A Coreia do Norte e a sacristia

Quando me sento perante o desafio de uma página em branco tento sempre ser fiel na transposição daquilo que sinto para as palavras que escrevo; e o resultado, uns parágrafos de mim, ficam soltos e à mercê das opiniões e do sentir de quem lê.
Faço isto numa crónica, num poema e até no âmbito da ficção, num romance ou num conto, espaço onde as personagens carregam sempre algo de nós, nem que seja às vezes apenas um breve e discreto “julgamento” implícito.
Gosto tanto da expressão de desacordo quanto da concordância total de alguém que me leia, porque acredito que deste confronto de ideias se constrói a verdadeira riqueza da humanidade.
E a liberdade para podermos ser nós nestes diálogos é um bem de primeira necessidade, como pão.
Foi noticiado recentemente que a prelatura da Opus Dei mantém um Index de livros proibidos nos quais se incluem 79 obras de autores Portugueses, com Eça e Saramago à cabeça; sendo que para mim o primeiro é o maior escritor Português de todos os tempos, e Saramago, juntamente com Cardoso Pires, os meus favoritos de entre os contemporâneos.
Acho esta situação vergonhosa no sentido em que sendo eu crente e Católico, vejo criar na Igreja um enclave que junta o pior do mundo; um corredor ao estilo da Coreia do Norte dominado pelos “Kim Jon-un’s de Sacristia”, espaço obscuro dominado pelo radicalismo que cobre com “Burkas” muito opacas o intelecto dos crentes seus “irmãos”.
Quem proíbe desvaloriza sempre a inteligência dos demais, não lhes reconhecendo a capacidade de fazerem o seu próprio julgamento sobre aquilo que se lhes depara, quer seja em livro, numa peça de teatro, na pintura ou em qualquer outra expressão artística.
E o desvalorizar da inteligência dos “irmãos” é “cuspir” sobre o próprio Deus que os criou à Sua imagem.
Por outro lado, quem proíbe passa a si próprio um certificado de mediocridade, na medida em que se assume com capacidade para ser um chefe que comanda um “rebanho” de gente que pensa toda da mesma forma, mas proclama a sua incapacidade para ser “líder” de um grupo de pessoas que pensam e discutem ideias com base naquilo que verdadeiramente pensam e ambicionam.
E não evoquem o Espírito Santo para reclamar maior clarividência e legitimar estas atitudes imbecis.
A História não se apaga, e proibir “O Memorial do Convento” privando as pessoas do “facto” de Baltasar e Blimunda se terem conhecido no Rossio durante um Auto-de-Fé, não limpa infelizmente a nódoa de que um dia, e em nome da mesma fé, as pessoas foram queimadas vivas por ordem da Inquisição.
Em nome do obscurantismo e da uniformidade do pensamento que vê os Homens de fé como inactivos e acéfalos seres dentro de redomas de vidro, em vez de nos verem como somos, gente do mundo que pensa e vive a fé e que a confessa muito mais por obras e convicções do que pelas ladainhas aprendidas de cor no contexto da redoma.
Ao longo da minha existência aprendi tanto com gente crente como com ateus, porque gente igual na riqueza de valores e no afecto que me dedicaram.
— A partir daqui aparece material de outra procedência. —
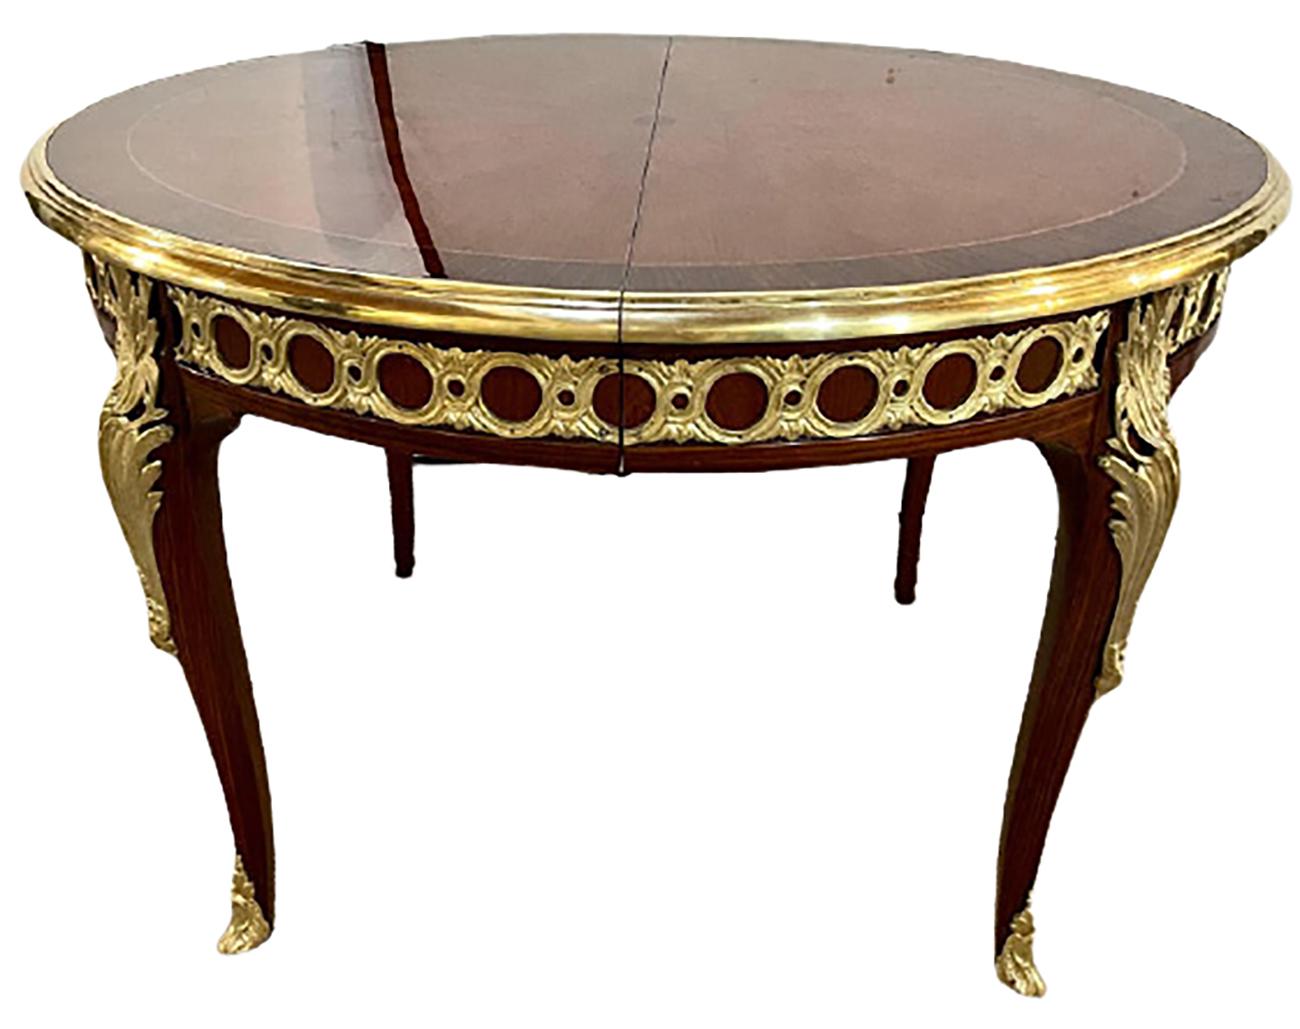 Einzigartiger Esstisch im Louis XV-Stil / Zentrum. Teil unserer umfangreichen Kollektion von über vierzig Esstischen und Stuhlsets, die Sie auf dieser Website finden, weshalb wir auch als König der Esszimmer bezeichnet werden.
 
 
Dieser einfach

Ter fugido daqueles que à partida pensavam e agiam de forma diferente de mim, seria desde logo amputar muito daquilo que hoje sou.
Quantas vezes o contraditório foi raiz para as minhas maiores convicções.
Quem nos ama e é grande ensina-nos sempre a pensar, quem é medíocre e não nos tem em grande conta impõe-nos regras na hora de agir.